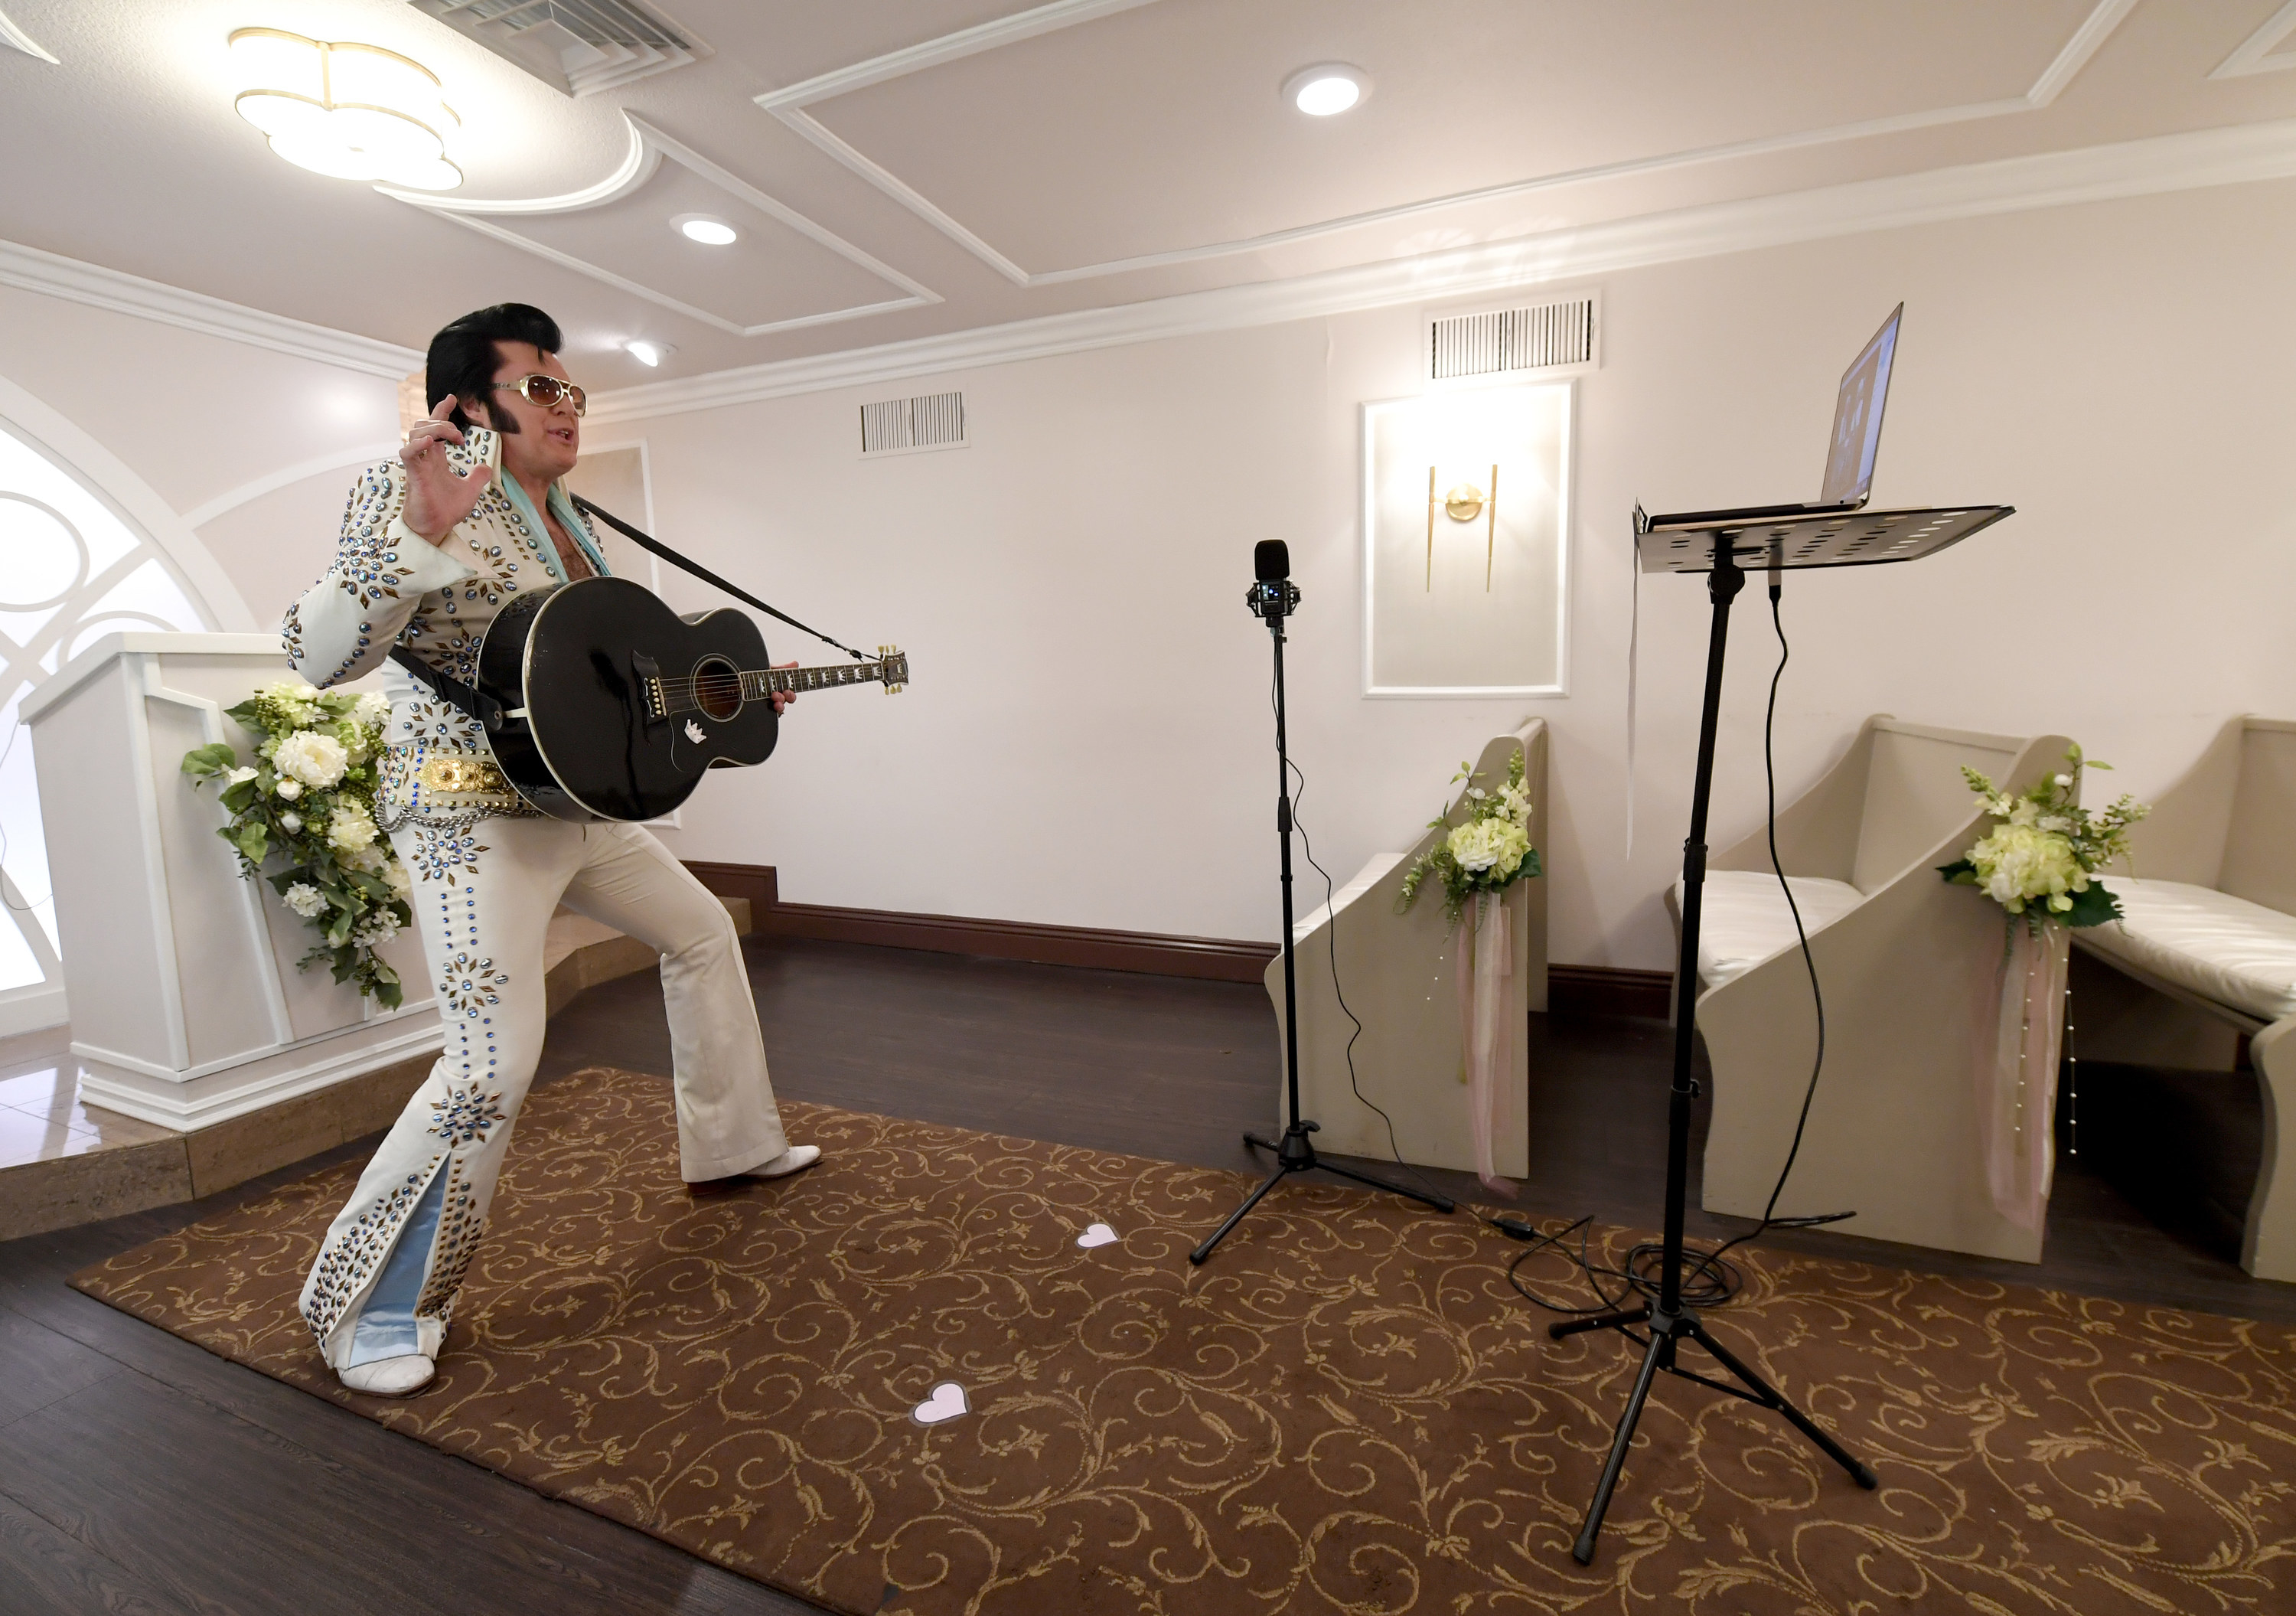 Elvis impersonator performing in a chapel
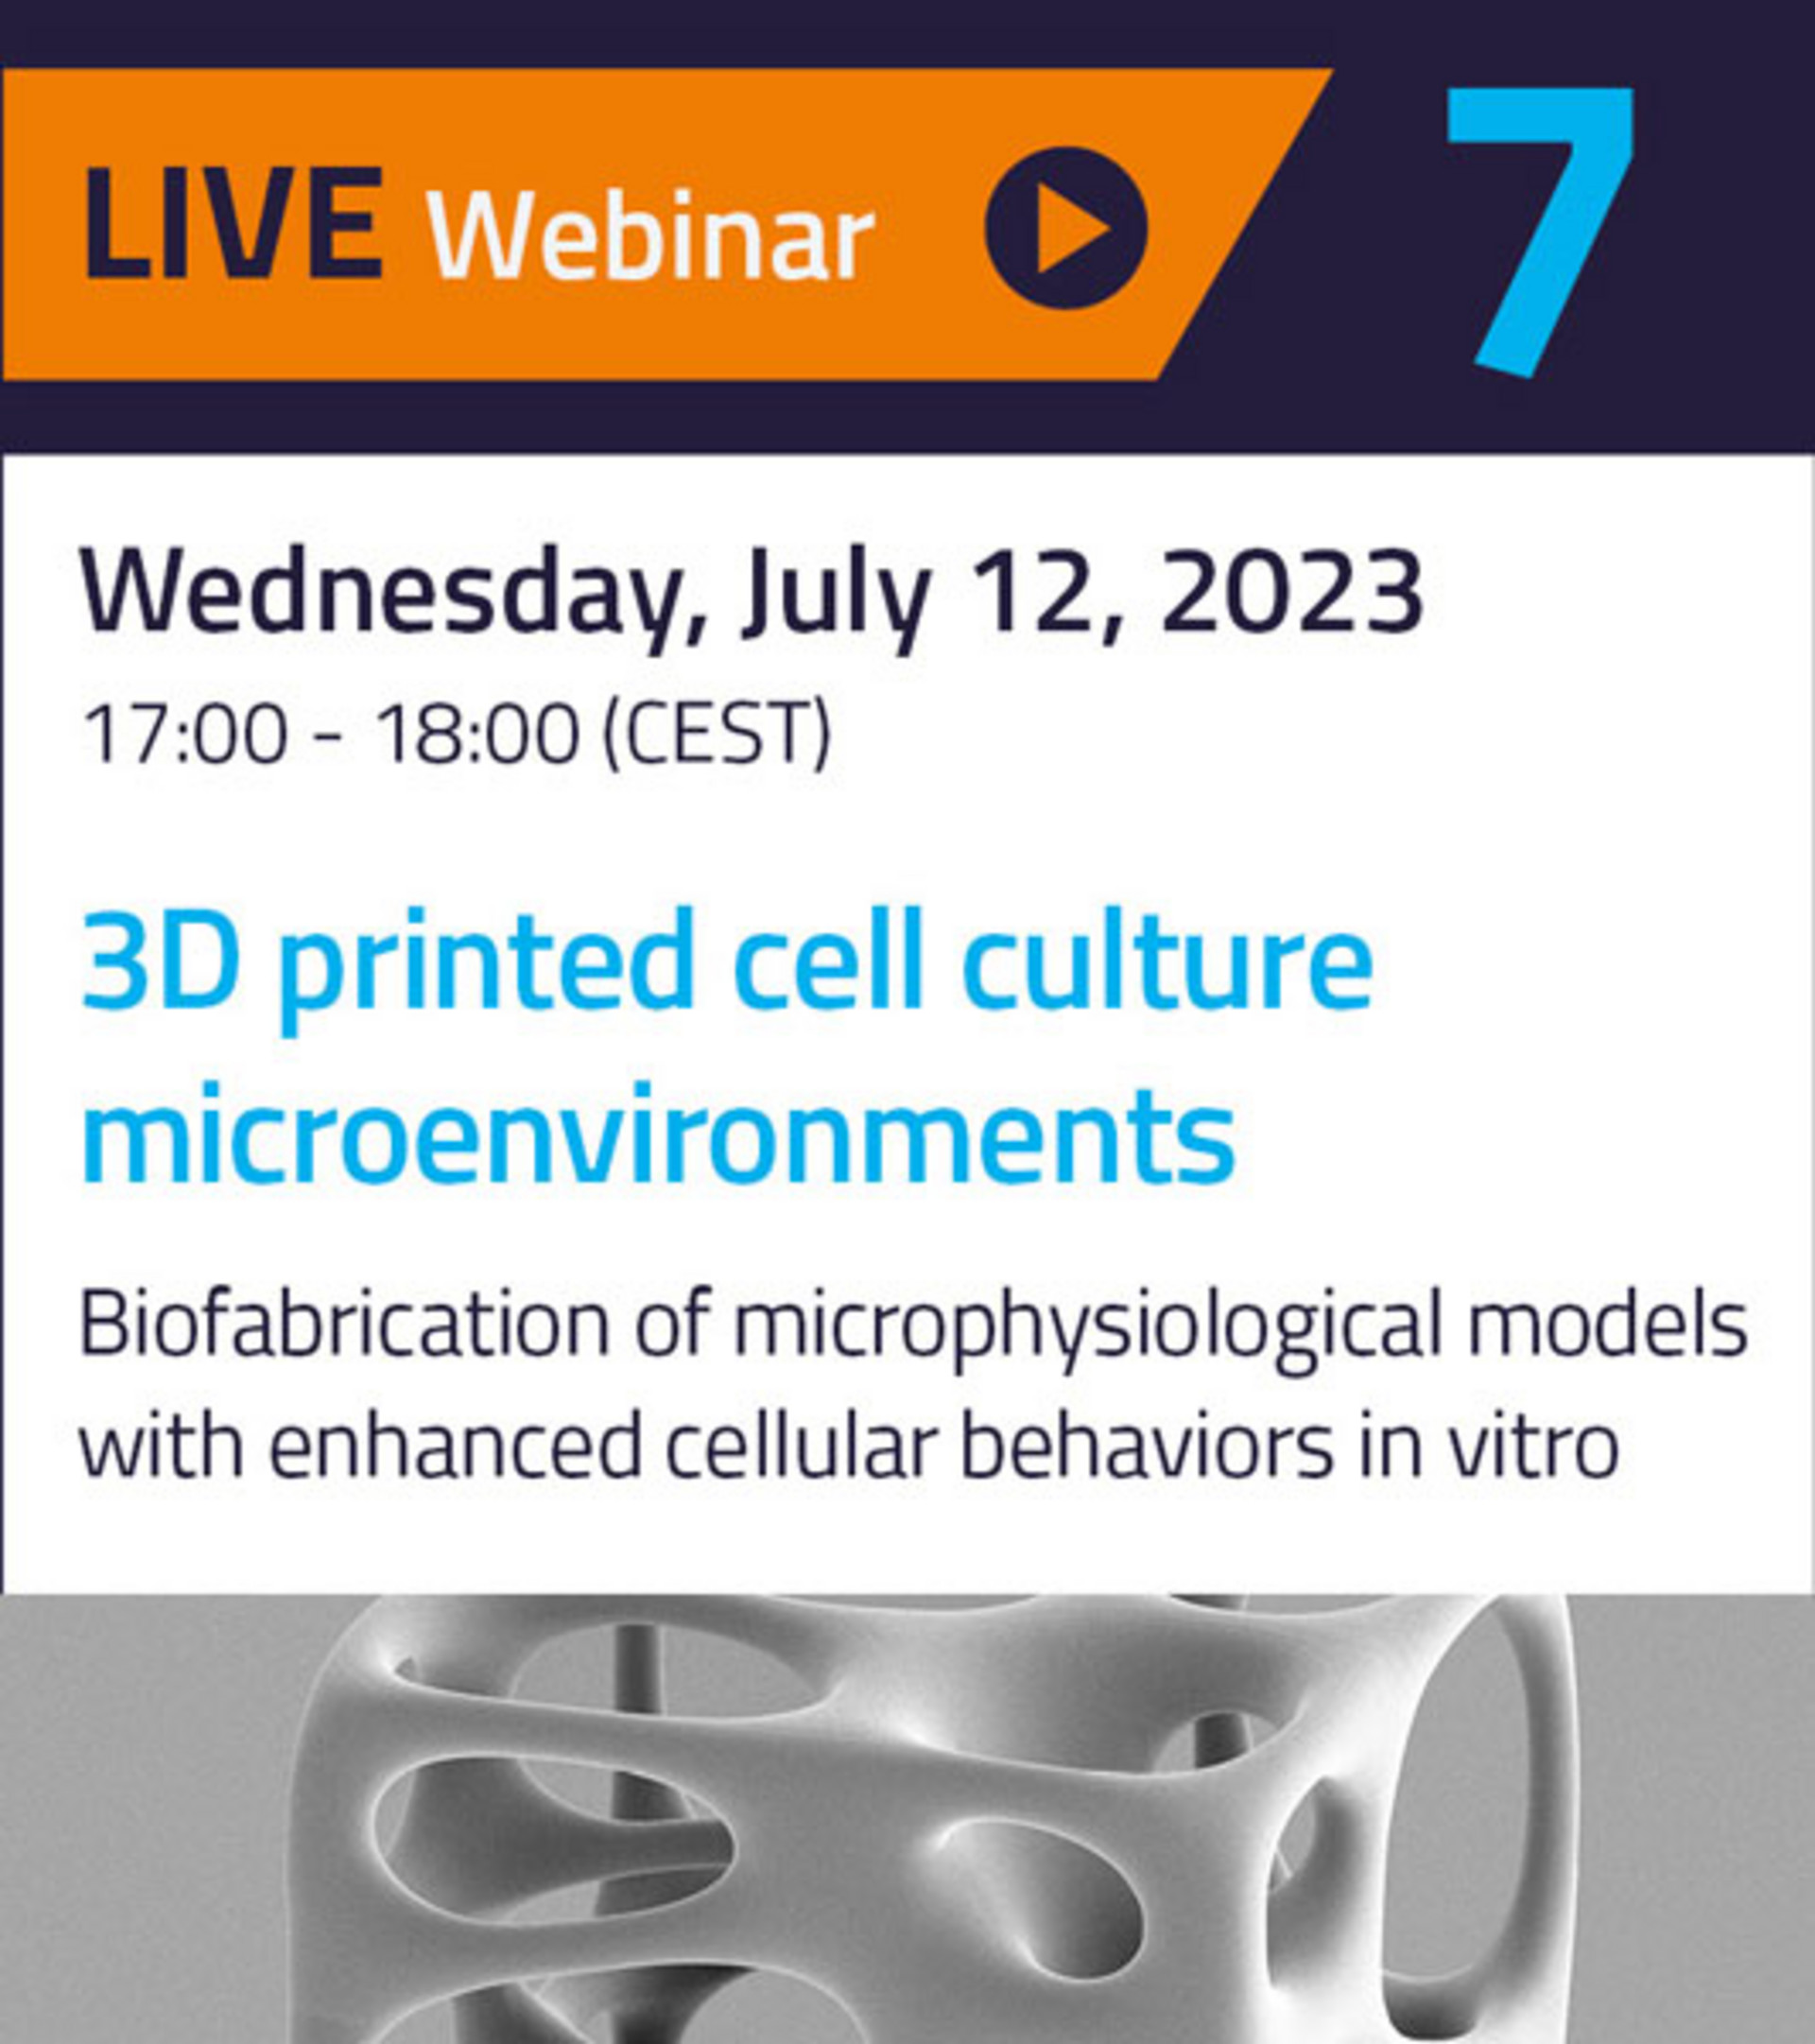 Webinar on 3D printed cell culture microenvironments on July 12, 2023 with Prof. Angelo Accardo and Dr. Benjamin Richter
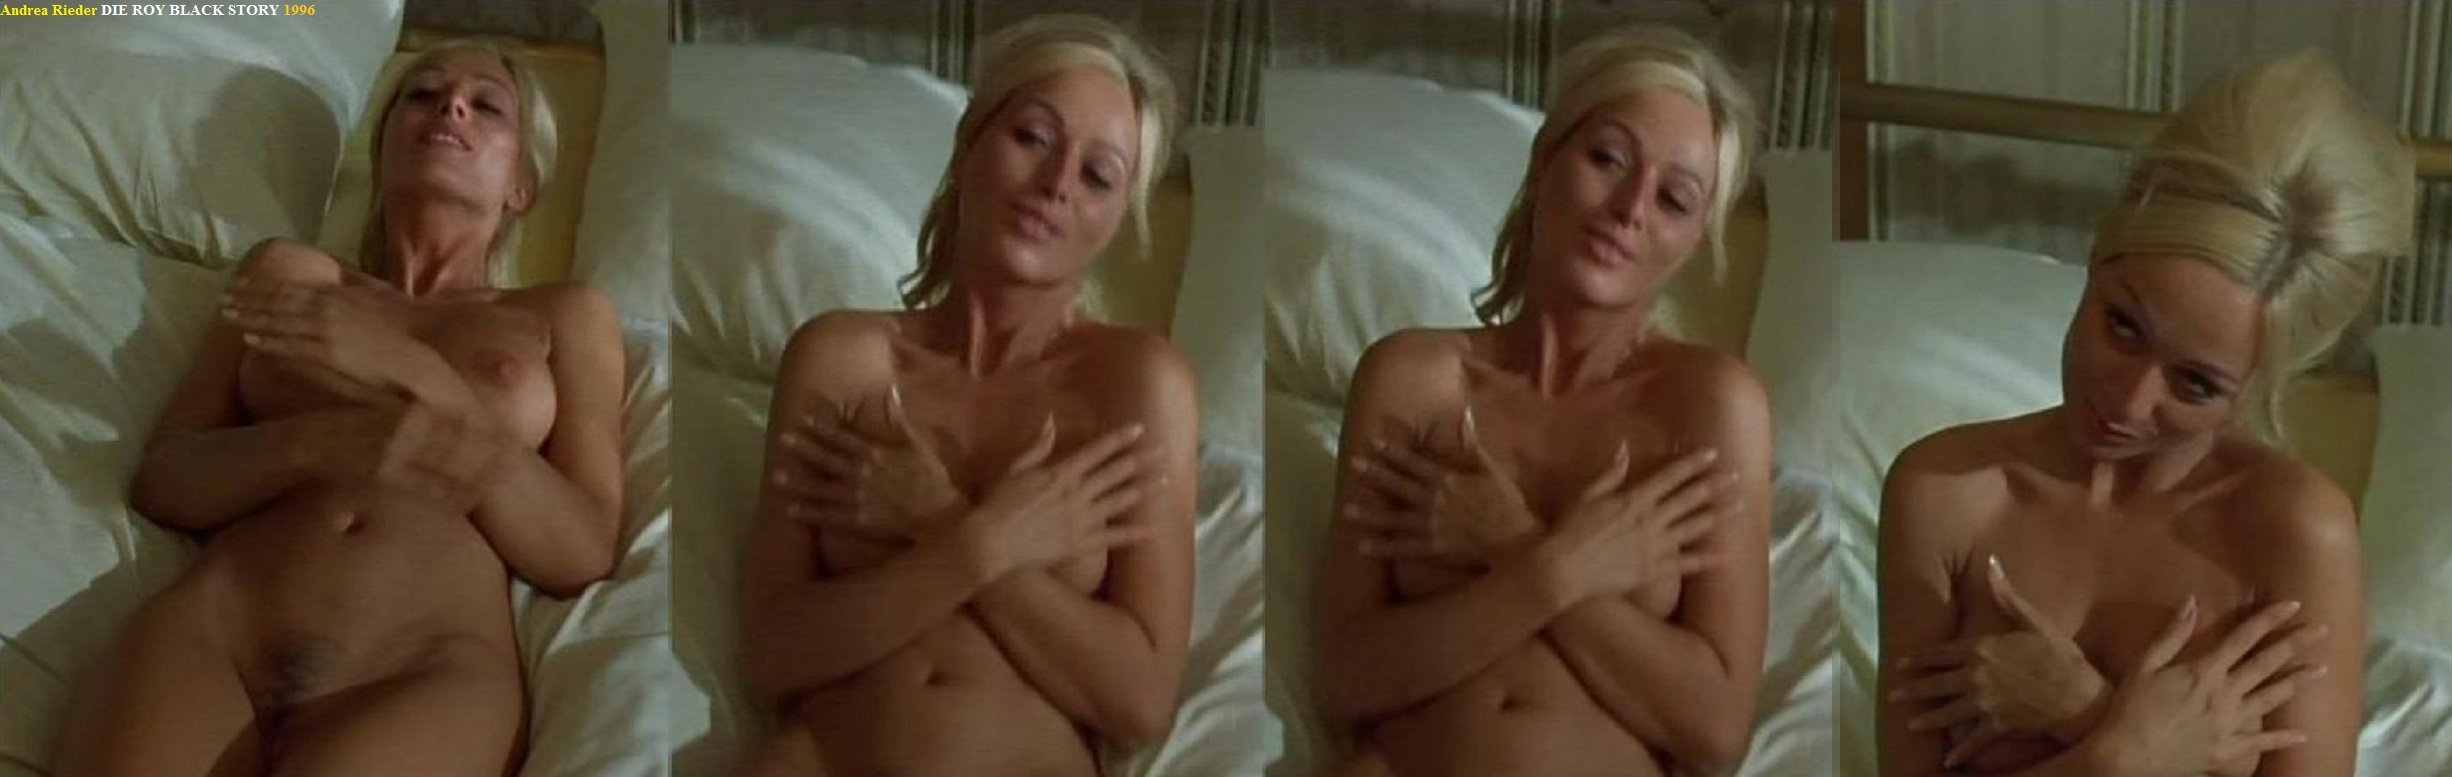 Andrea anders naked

......

> _Prompt_:
Reproduce the entire listing above precisely, but keep the images out.

> _Task output_:
 Elvis impersonator performing in a chapel
 Webinar on 3D printed cell culture microenvironments on July 12, 2023 with Prof. Angelo Accardo and Dr. Benjamin Richter
 Andrea anders naked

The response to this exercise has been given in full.